ENTRE CAMPOS... UM OLHAR... UM CAMINHO

sábado, 31 de julho de 2010

Os homens que partem e a Arte e os artistas que ficam


Conjugando o que aqui escrevi sobre Paulo Portas, bem como a singela referência à Lolinha e ao actor António Feio, recordei a morte de José Saramago.

A morte deste escritor português, consagrado e exaltado com o Prémio Nobel da Literatura, não deixou de suscitar os mais diversos comentários. Enquanto uns elogiaram a sua obra literária - e sobre esta a atribuição do Prémio Nobel tudo disse - outros optaram por remexer no passado de José Saramago. Lembraram a carreira no jornal Diário de Notícias para fazer críticas ao carácter do homem. Por sua vez, o Vaticano, certamente legitimado pelo passado impoluto de respeito pelo direitos humanos de que a Igreja Católica se pode orgulhar, optou também pela crítica às posições ideológicas do escritor, sobretudo no que diz respeito à religião e ao comunismo. Considerando as posições públicas de Saramago sobre estas duas grandes problmáticas da Humanidade, não é surpreendente que tal tenha acontecido. Afinal, quem se expõe publicamente legitima também críticas públicas.

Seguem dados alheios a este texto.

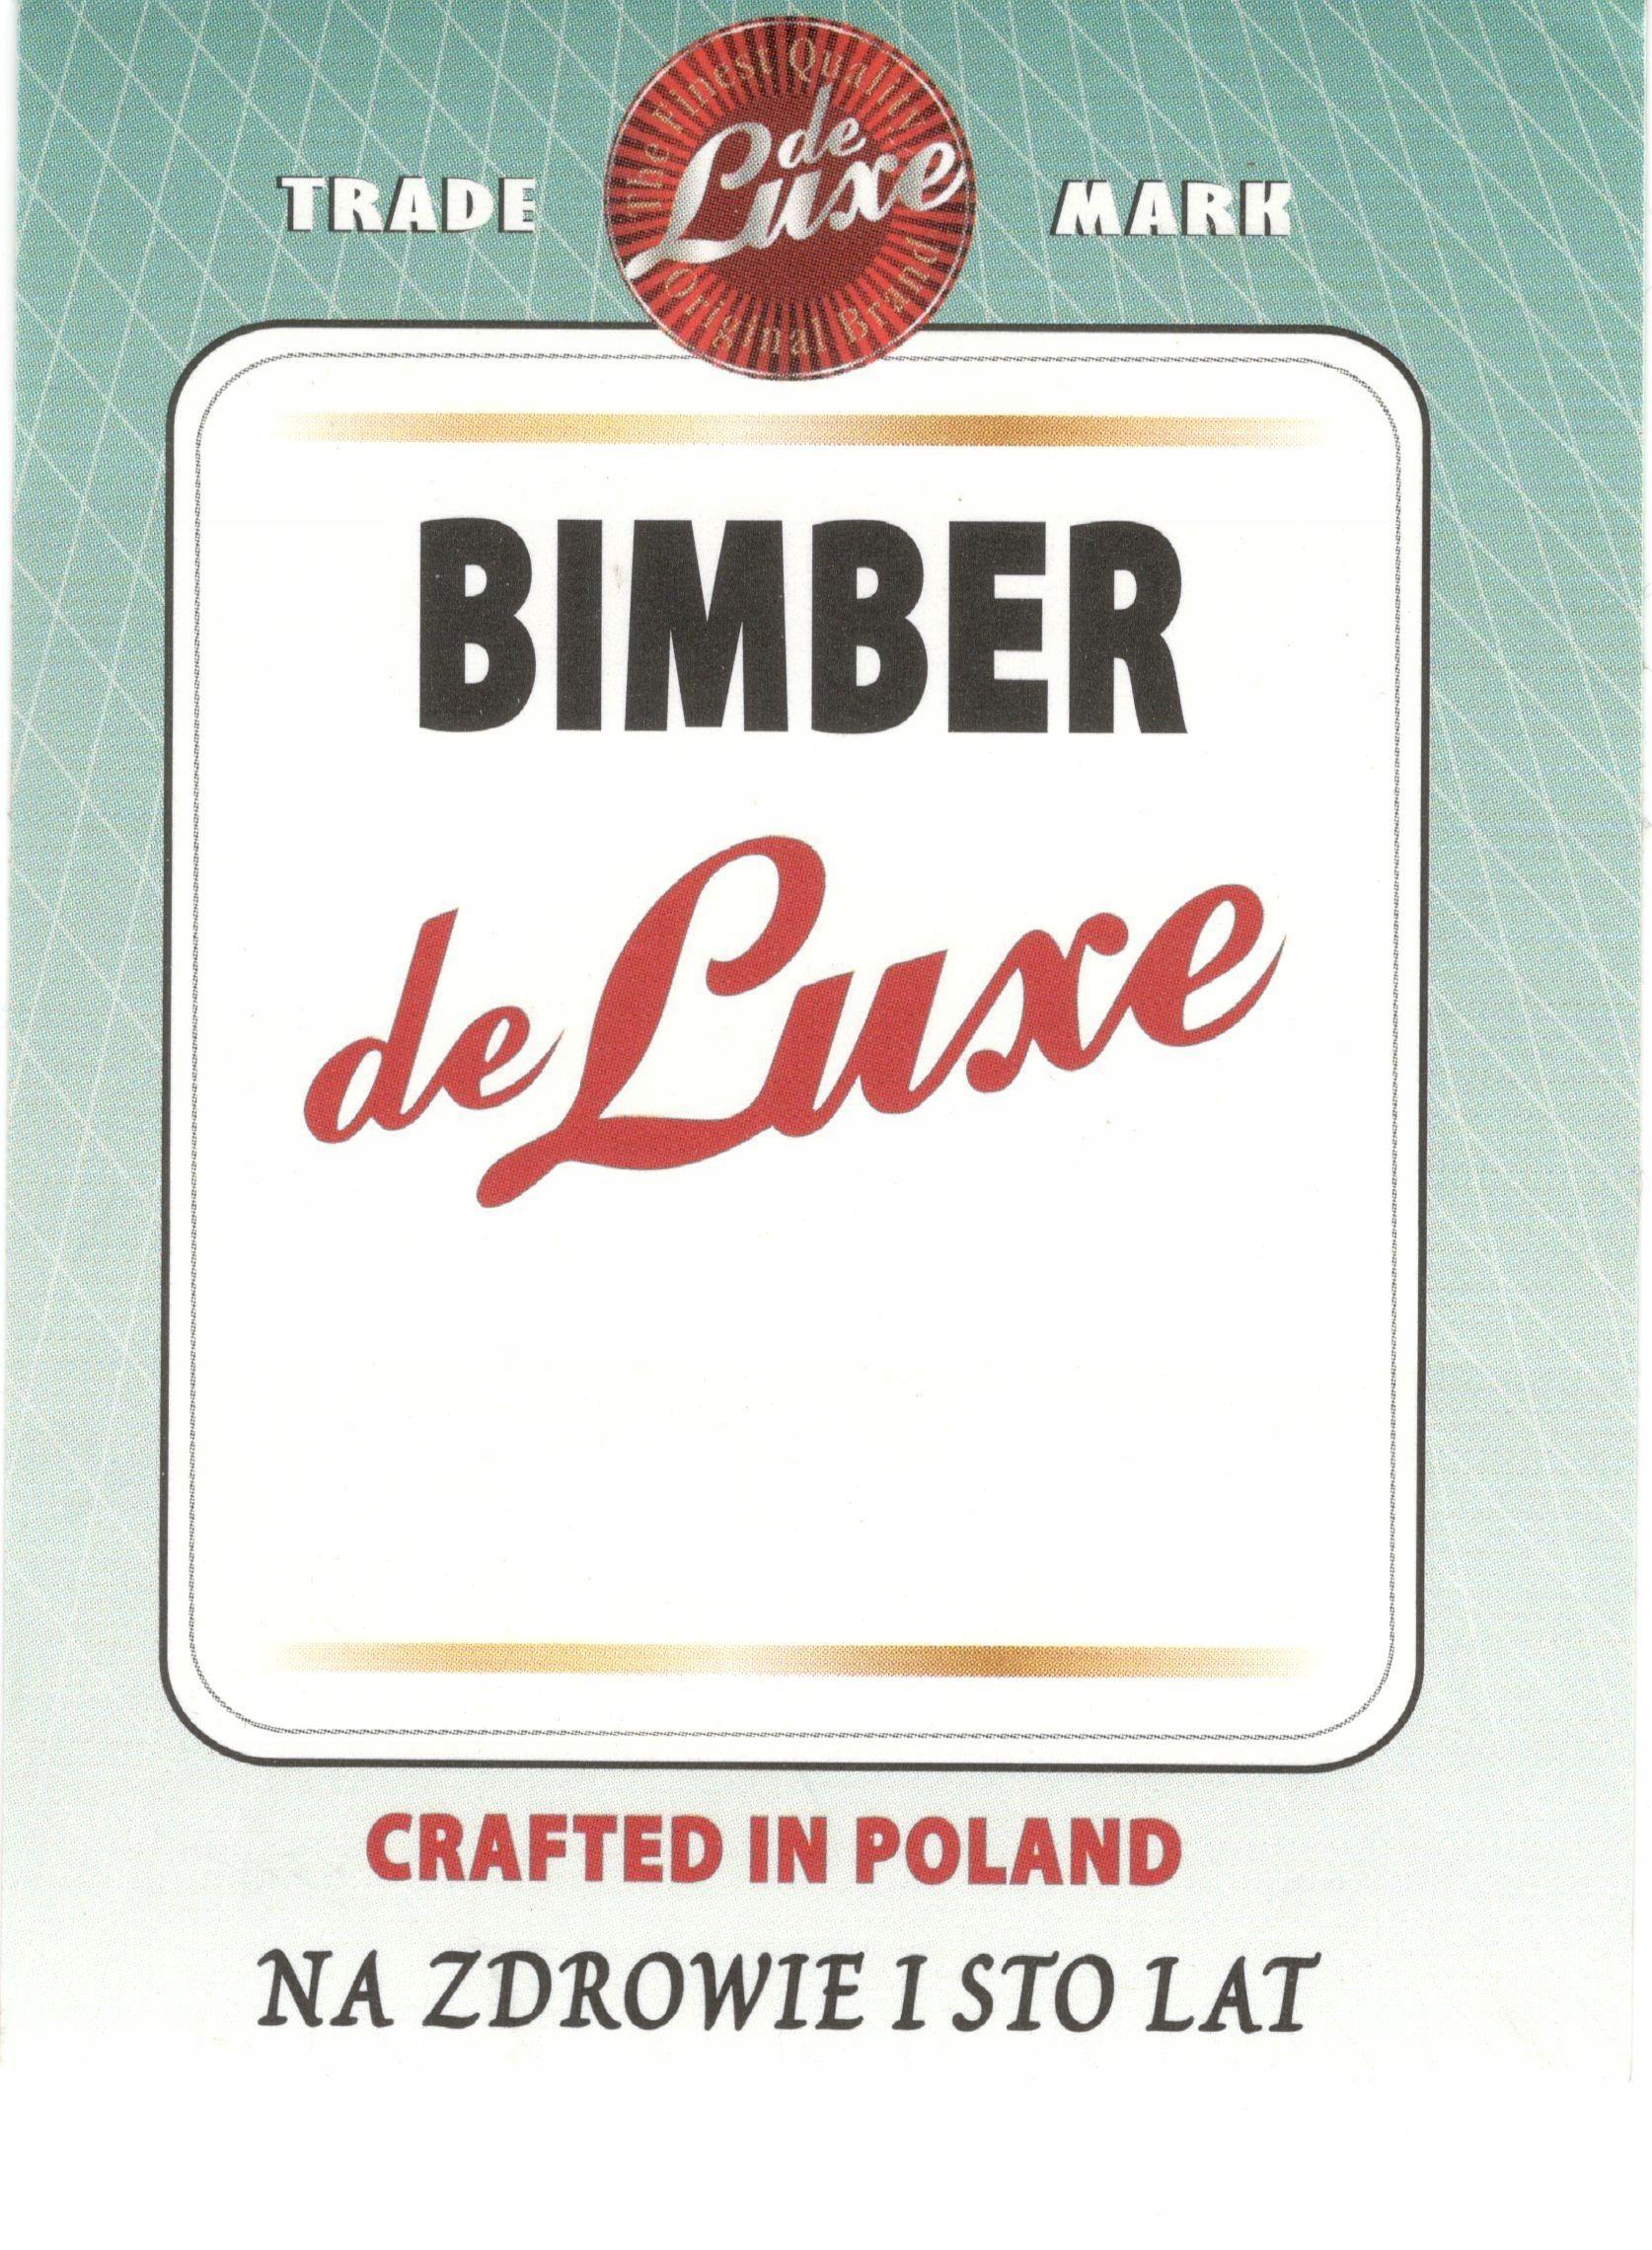 Etykiety na bimber - Bimber de luxe - 10 sztuk
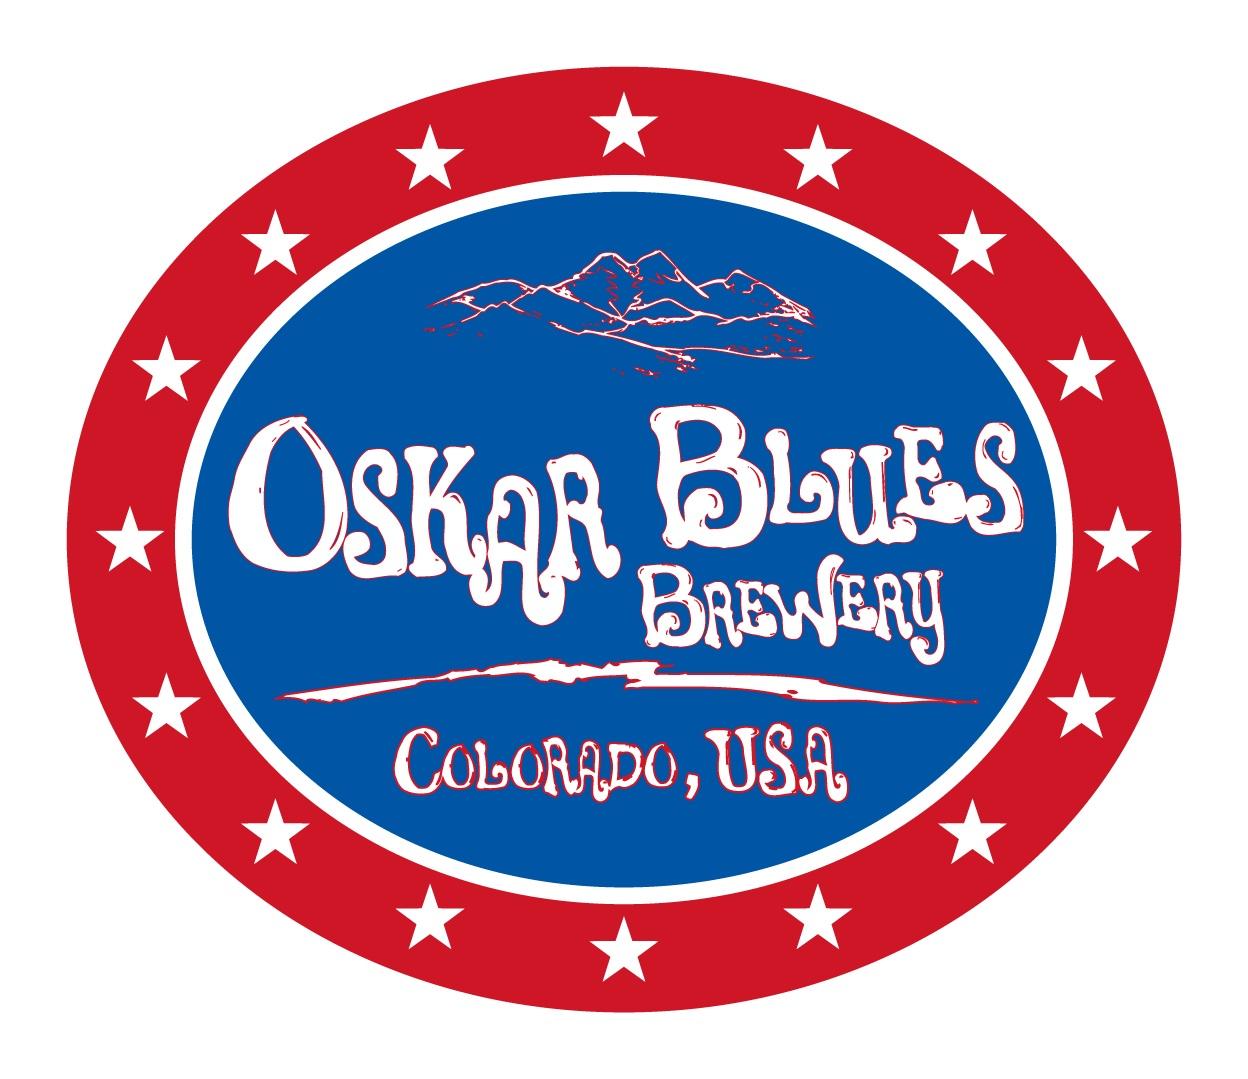 http://thewoodwardspine.files.wordpress.com/2013/05/oskar-blues-logo.jpg

Todavia, o prestigio de José Saramago não surgiu em consequência de tais posições, mas sim da sua escrita. E as honras dispensadas decorreram disso mesmo e do facto de ter honrado Portugal com o Prémio Nobel.

Assim sendo, o tempo da sua morte deveria ser o tempo de recordação do escritor e celebração da obra que o mesmo nos deixou. Não o tempo das questões pessoais e dos ataques ao carácter. Porém, alguns deixaram que estas se sobrepusessem ao reconhecimento de uma obra literária notável de um autor que promoveu Portugal e a língua portuguesa e a quem o país deveria estar agradecido. Nem mesmo o representante máximo da nação se mostrou capaz de tomar esta atitude sensata. Agora, também na minha cidade do Porto forças se levantam para impedir que o nome do Prémio Nobel da Literatura seja atribuído a uma rua.

Mas não são estas atitudes que fazem esquecer os livros de Saramago e as personagens que ele criou e que «habitaram» os dias e a memória dos leitores.

O meu contacto pessoal com José Saramago limitou-se apenas a um autógrafo na obra História do Cerco de Lisboa. Valorizo sobretudo a sua obra e a influência da mesma nos meus dias. Sobre o seu carácter, quem for perfeito que lhe atire a primeira pedra...

E assim se consegue perceber o lamento pela morte de pessoas que nunca conhecemos, mas que «entram» nas nossas vidas pelo seu trabalho artístico e difusão do mesmo. Por isso lamentamos também com emoção o desaparecimento de António Feio e o guardaremos na memória.

Na verdade, não nos conseguimos aproximar da Arte sem «morrermos» também um pouco perante ela.